When it comes to fast growth, it doesn’t hurt to have huge merchant platforms like Amazon.com Inc. and Shopify Inc. in your corner, a proposition Affirm Inc. underscored late Thursday as it reported huge increases in merchandise volume, active users, and other indicators. “We feel great about our progress,” said Affirm chief executive Max Levchin told equity analysts, referring to the buy now, pay later company’s expansion just since its move to go public a year ago.
San Francisco-based Affirm’s inclusion in Shopify’s Shop Pay app last year, combined with a fledgling program for use on Amazon’s site, drove big results in the quarter ended in December, Affirm’s second fiscal quarter.

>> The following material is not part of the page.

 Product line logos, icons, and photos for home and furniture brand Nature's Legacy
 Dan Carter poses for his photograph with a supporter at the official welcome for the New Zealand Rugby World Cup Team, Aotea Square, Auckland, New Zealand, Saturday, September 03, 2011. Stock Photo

Holiday shopping helped out as well, the company said, as gross merchandise volume hit $4.46 billion, up 115% year-over-year and a 65% increase just from the September quarter. The active-user count reached 11.2 million, up 150% from December 2020 and a 29% rise from the prior quarter. And, as might be expected, the active merchant count exploded, rising from 7,900 a year ago to 168,000 in the latest quarter. “We just posted an incredible quarter for growth,” said chief financial officer Michael Linford during the earnings call.
And Amazon hasn’t fully kicked in yet, Levchin said, as Affirm is “moving beyond the testing phase” with the e-commerce behemoth. Excluding Amazon altogether, he said, Affirm’s volume still doubled from the year-earlier quarter.
If there’s a shadow cast over Affirm these days, it’s an inquiry initiated by the Consumer Financial Protection Bureau into the BNPL business. In December, the agency issued a demand letter to Affirm and five other BNPL providers—Afterpay Ltd., Klarna AB, PayPal Holdings Inc., and Zip Co.—seeking information about the potential for overspending by consumers, among other concerns.
Levchin told analysts on Thursday’s call that “it’s not for us to comment on [the CFPB’s] work,” but added, “we have a very high moral ground in our approach to this business.” The letter, he added, was a “detailed request for information,” which he said Affirm will provide by the agency’s March 1 deadline. But one part of the letter, he said, was easy to address. “There was quite a lot of requests for fees charged,” he said. “We filled that out with zeroes—we don’t charge [consumer fees].” For now, he added, “it’s too early to tell what the future looks like [with the CFPB probe]. We’re happy to engage.”
Still, Affirm pays close attention to user growth, Levchin pointed out, because “the pricing power of a network is directly proportional to the number of users. That’s the reason we are so consumer-focused.” That focus, he said, allows Affirm to deliver business to merchants, which are expected “to pay for that [network] appropriately.”
Despite the upbeat news regarding user growth, Wall Street punished the company late Thursday for missing expectations for loss per share and for a lower-than-expected projection for third-quarter revenue. Affirm’s stock plunged 21% for the day to close at $58.68. For the quarter, Affirm recorded revenue of $361 million, up 77% year-over-year and a 34% leap from the September quarter–and also above analysts’ consensus estimate of $332.5 million. But its third-quarter projection of $325 million to $335 million fell short of the consensus projection of $334.8 million.